Toda guerra implica un drama. Unos hombres luchan contra otros hombres, con o sin motivos válidos, para imponerse por la fuerza. En muchas guerras aparecen, entre los soldados más o menos jóvenes, algunos niños que cargan un fusil, tal vez una ametralladora, o simplemente cartucheras de repuesto.
Nos duele el ver a niños que van al frente, que se acostumbran a matar. Nos duele el que se les prive de su familia, de sus amigos, de la escuela. Nos duele el que se vean con las manos manchadas de sangre o de pólvora, mientras gritan con un orgullo casi diabólico cuando han podido matar a uno o varios enemigos...
El drama de esos niños no es sino el reflejo de un drama más profundo: la guerra. Cuando un hombre coge un machete, un fusil o un carro armado y se dirige a una línea enemiga para matar a otros significa que algo muy profundo ha fracasado en la historia humana. La verdad no se puede imponer a fuerza de cañonazos. La justicia no puede ser una especie de permiso seguro para tomar las armas y matar a quienes quizá no son los verdaderos culpables de situaciones insostenibles. La honradez no puede ser defendida a costa de la sangre de una persona, muchas veces ajena a los verdaderos culpables de la situación que ha provocado un conflicto armado.
Un niño llega a convertirse en un soldado porque hay adultos que deciden matar. La solución a los niños soldados hay que encontrarla en ese misterio que se llama corazón, y que es capaz de promover guerras que pueden durar años interminables sin que nadie consiga sus objetivos, y que provocan solamente la destrucción y la pobreza de miles o millones de personas inocentes.

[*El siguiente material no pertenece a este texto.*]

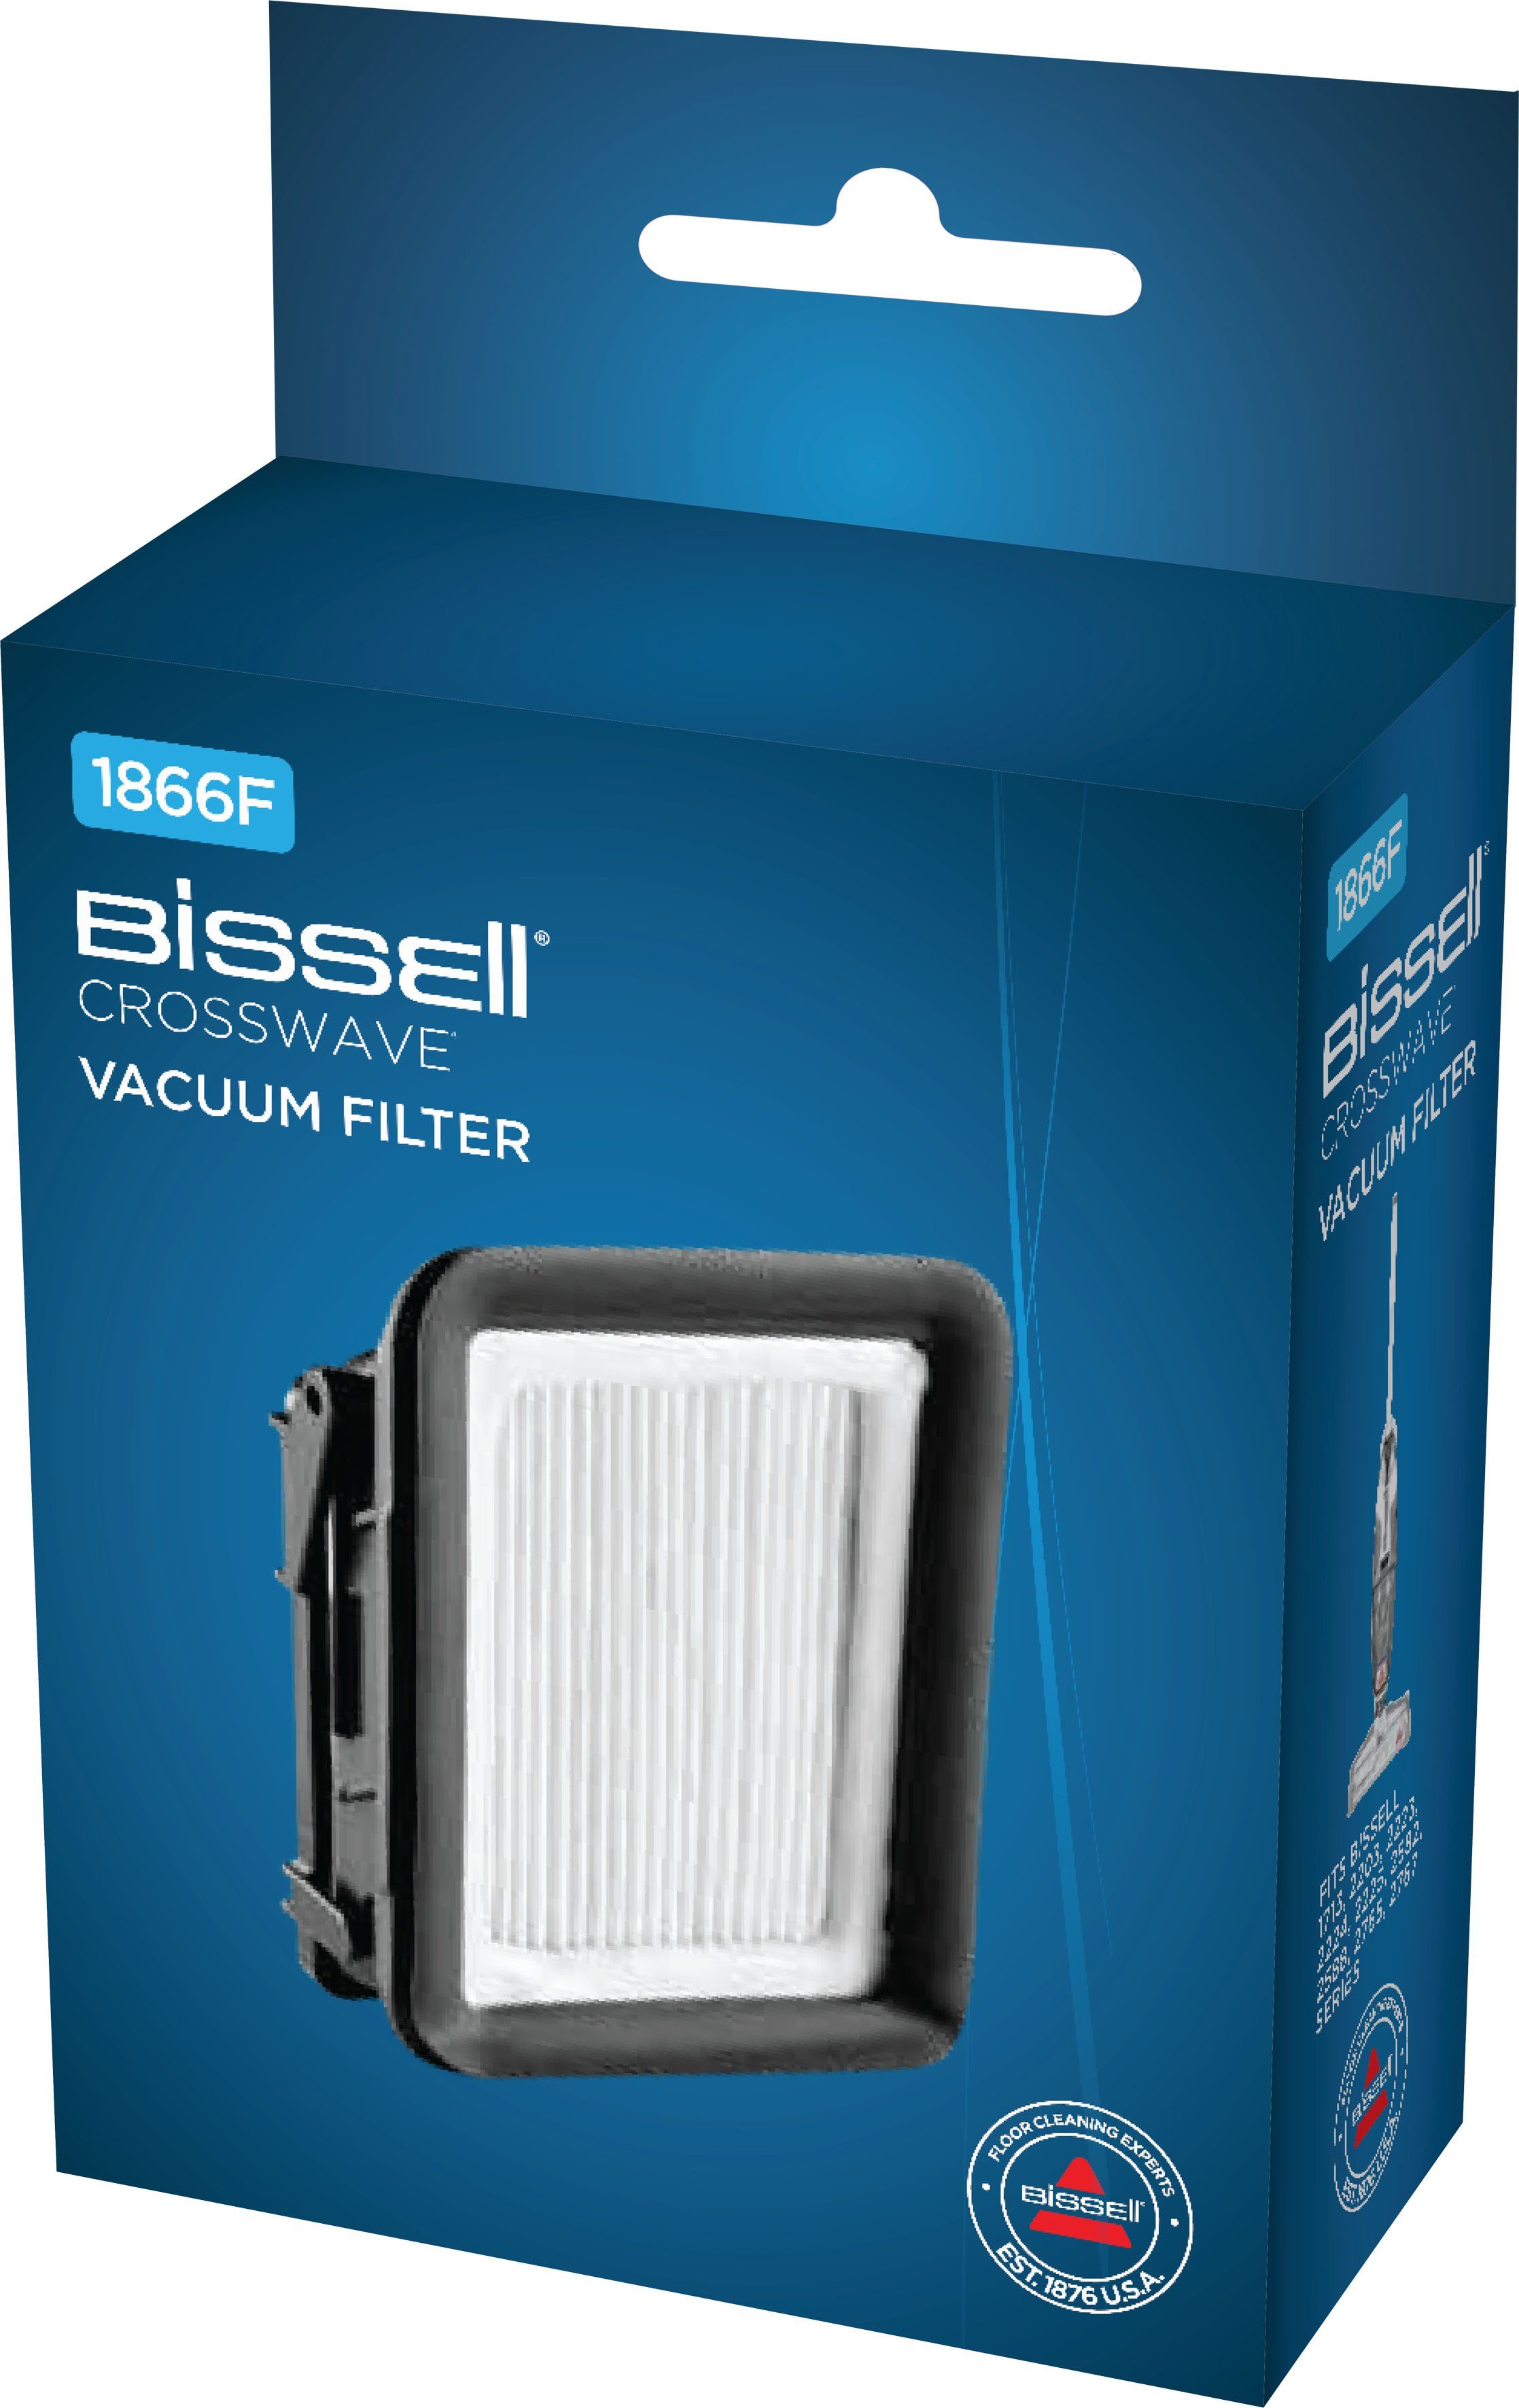 Bissell Motor Zubehör CrossWave BISSELL Wasserfilter für waschbar-1866F, Serie Filter Crosswave

Un niño llevará un arma y un fusil mientras existan adultos que quieran resolver sus conflictos por la fuerza, mientras haya personas ávidas de ganar dinero con la venta y compra de armas, a veces con los créditos de bancos sin escrúpulos. Si promovemos la cultura de la paz, de la justicia y del amor, la guerra no tendrá ya lugar entre los hombres. Si promovemos el respeto de la vida como un valor sagrado, no se invertirá dinero en armamentos, sino en hospitales y en escuelas. Los niños podrán vivir simplemente como niños, y no caerán en las manos de traficantes y de criminales que los conviertan en soldados prematuros.
Mientras no lleguemos a una solución radical, en las guerras que siguen sembrando de sangre tantos rincones del planeta, unos niños tendrán en sus manos armas para matar. Su mirada reflejará nuestro fracaso. Su tristeza o su risa enloquecida nos gritarán que hemos de cambiar, ya, algo en el mundo global que estamos construyendo, y que todos queremos un poco más justo y más feliz.